İK’nin yerini soracağım size, yönetime mi işgörene mi yakın olmalı, bu işin dengesi var mı?

Bunun dengesi iletişimle sağlanıyor. Üst yönetimin her söylediği konuya evet öyle olsun dememek, aşağıdan gelen her talebi de karşılayalım dememek gerekiyor. Tek başına çalışanın temsilcisi konumu da yanlış, sadece üst yönetimin sözcüsü konumu da yanlış.

Şeffaflık diyelim bir de…

Şeffaflık önemli. İyi iletişim için en başta bahsettiğimiz samimiyet, kalp açıklığı gerekiyor.

Adalet ve kurallar hakkında ne söylersiniz?

Adalet şart, kuralları da gerektiğinde yenilemek, şartlara uydurmak lazım. Esneklik önemli bir kelime. Prensipler içerisinde kalmak kaydıyla kuralları yeniden tariflemeyi bilmek gerek. Aşırı kuralcılık, çalışanları kurallarla sürekli refüze etmek, fırsatların kaçmasına neden olabilir. Zamanında yakalamak gereklidir. Kural yapacağım diye sürekli hayır denmez. Bir anımı anlatayım. Beni İK alanında çalışmaya seçen kişi bana şunu demişti: “Ne kolay evet diyorsun ne kolay hayır. Bunları iyi dengeliyorsun. “ Ben buna dikkat ederim. Evet ve hayırlarını doğru kullandığında İK’cinin yeri ortaya çıkıyor. İşin esası burada!

İK’cinin bir denge unsuru olduğunu güzel açıkladınız. Peki bu dengeyi bozanlar için ne dersiniz?

Ben meslektaşlarımın kötü niyetli davranacağını düşünmek istemem. Çünkü her İK uzmanı yönetimin bir yansımasıdır. Ne kadar itiraz etseniz de belli bir süre sonra yönetimin isteklerine boyun eyebilirsiniz. Burada kilit taş yönetim olup, onun İK’ye bakış açısıdır. İK uzmanı itirazlarının karşılık bulmadığını gördüğünde ya işini terk eder ya da yönetime uyum sağlar. Ne kadar kuvvetli bir İK uzmanı olsa da yönetimin şekillendirmesi İK uzmanının şekillendirmesinden daha baskındır.  Üst yönetimin vizyonu önemli sonuç olarak. İnsan kaynakları profesyoneli de bir çalışan sonuçta. Değişim tek taraflı yaratılamaz.
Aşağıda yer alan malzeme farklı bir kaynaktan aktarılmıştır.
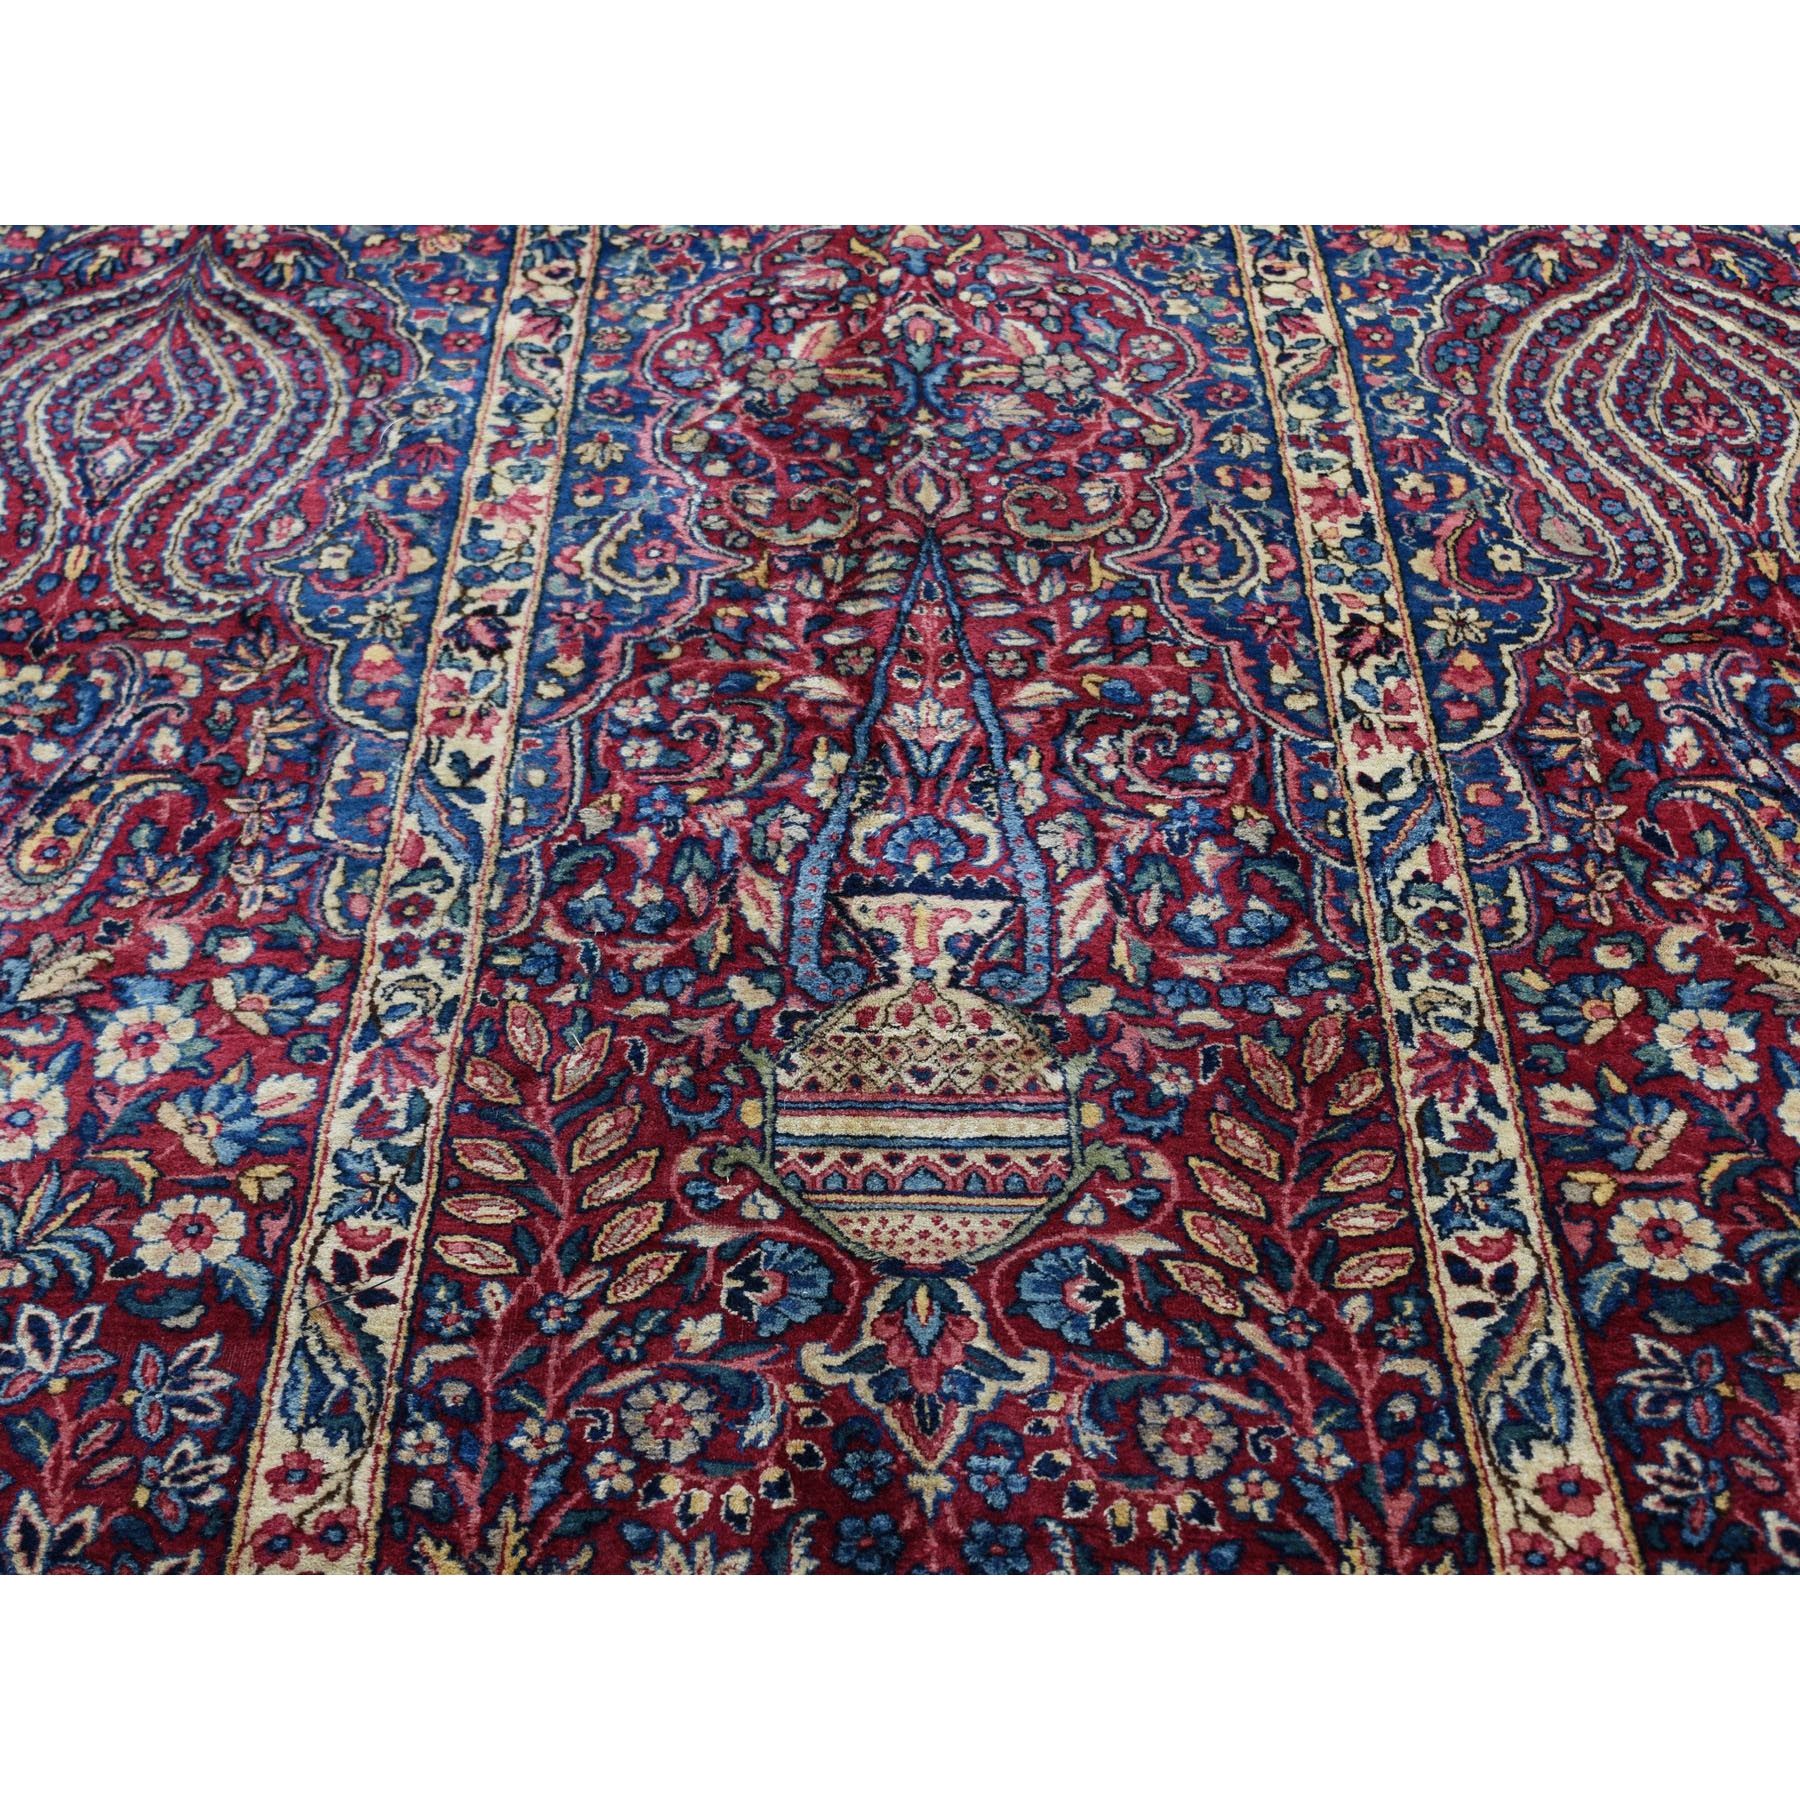 8-9 x19-9  Long And Narrow Red Antique Persian Kerman Full Pile Soft And Clean Hanging Lamps Hand Knotted Oriental Rug

Gemiyi 2. Kaptan yönetmez.

Tespitleriniz son derece güzeldi.  Sizinle iletişime geçtiğimde e-postadaki ifadelerinizde yazılı iletişimi güzel kulandığınız dikkatimi çekti. İK profesyonelleri için iletişim kurma becerisini, kendisini sözlü ve yazılı olarak iyi ifade edebilmesini önemsiyorum.  Kitaplarla aranız nasıl?
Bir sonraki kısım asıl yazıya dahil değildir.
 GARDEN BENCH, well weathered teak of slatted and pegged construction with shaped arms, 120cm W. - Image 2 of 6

Çok kitabım var. Her birinden bir şeyler alır okurum.  Onun dışında resim yapmayı severim. Daha önce çalıştığım firmada amatör tiyatro topluğu kurmuştum orada oyunculuk yaptım. Şirketin sahibi de oyunculardan biriydi bizi çok motive etmişti. Ankara Tiyatro Festivaline katıldık. Behzat Ç’de küçük küçük dizi oyunculuğum da oldu. Çocukken de resim yarışmasında ortaokullar birinciliği elde etmiştim. İnsan kaynaklarında başarılı olunması için biraz sanatla ilgili olmak gerekiyor.
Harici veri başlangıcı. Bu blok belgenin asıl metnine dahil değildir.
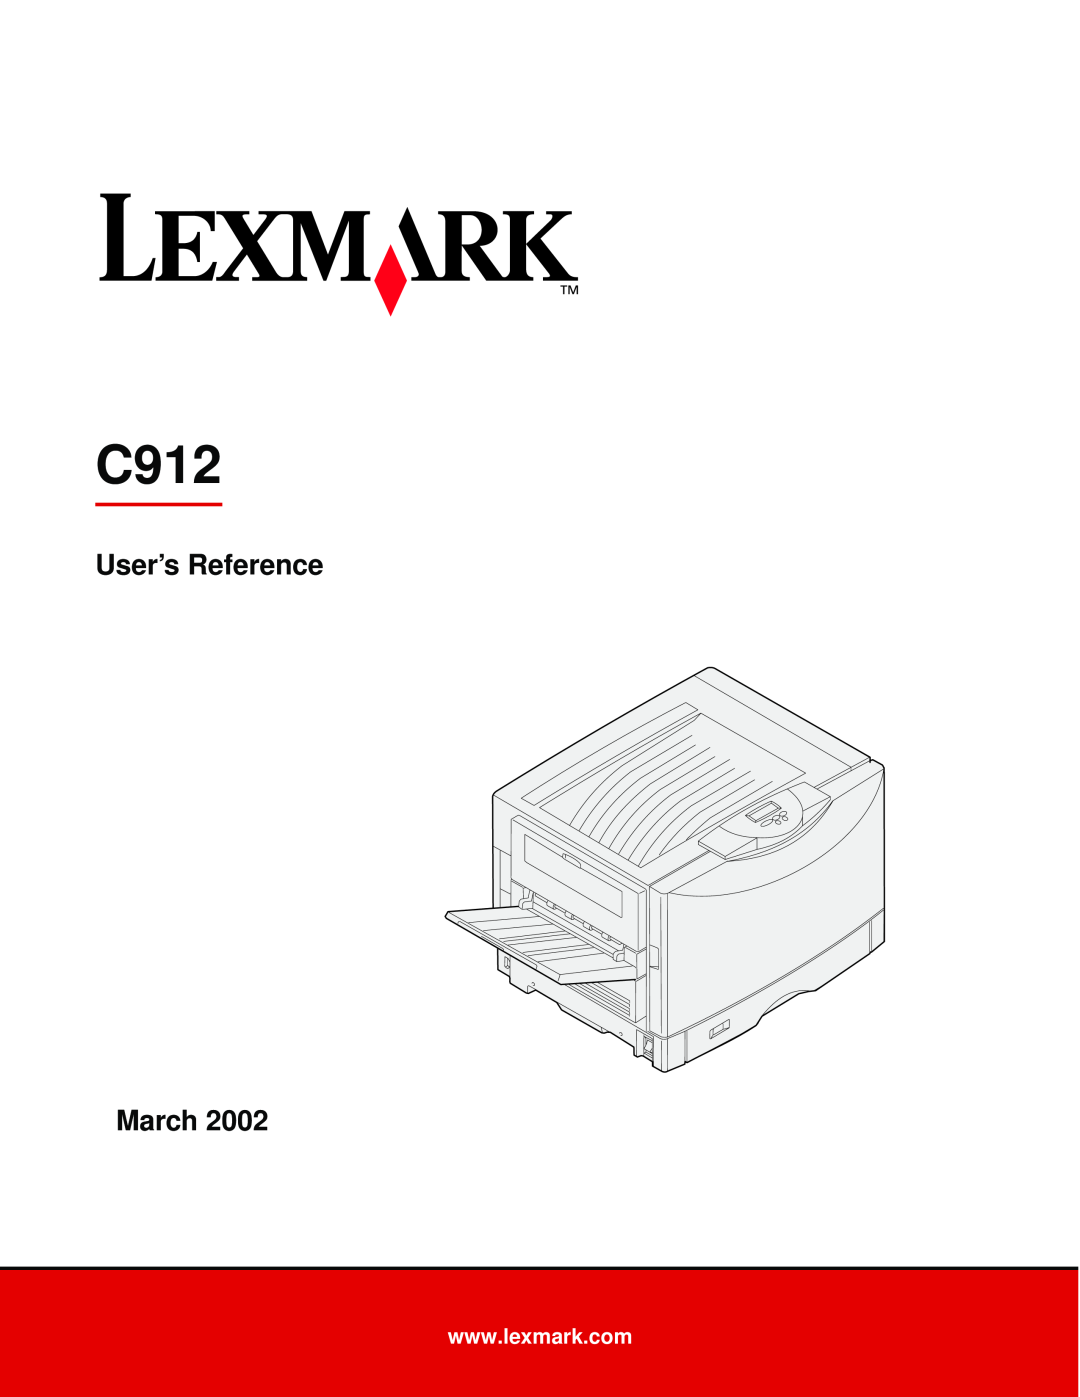 Lexmark manual C912, User’s Reference March

Bir kızınız var. İleride ne olmasını isterdiniz?

Yaptığı işi başarıyla yapsın, keyifle yapsın, işinden gurur duysun. Ne olmak isterse de onu olsun. İlla bir meslek seçmesini istediğinizde, kendimin olmak istediği iki meslek var, onlardan birisini tercih etmesini isterdim. Onlar da avukatlık ve diş hekimiliği… Ama gene söylüyorum kızım kendisini mutlu edecek işi yapsın.

Bu güzel sohbet için çok teşekkür ederim Birol Bey.

Ben teşekkür ederim Kamil Bey.

 

Not: Bu söyleşi 2018'de Kurumsal Eğitim Dergisi için yapılmıştır.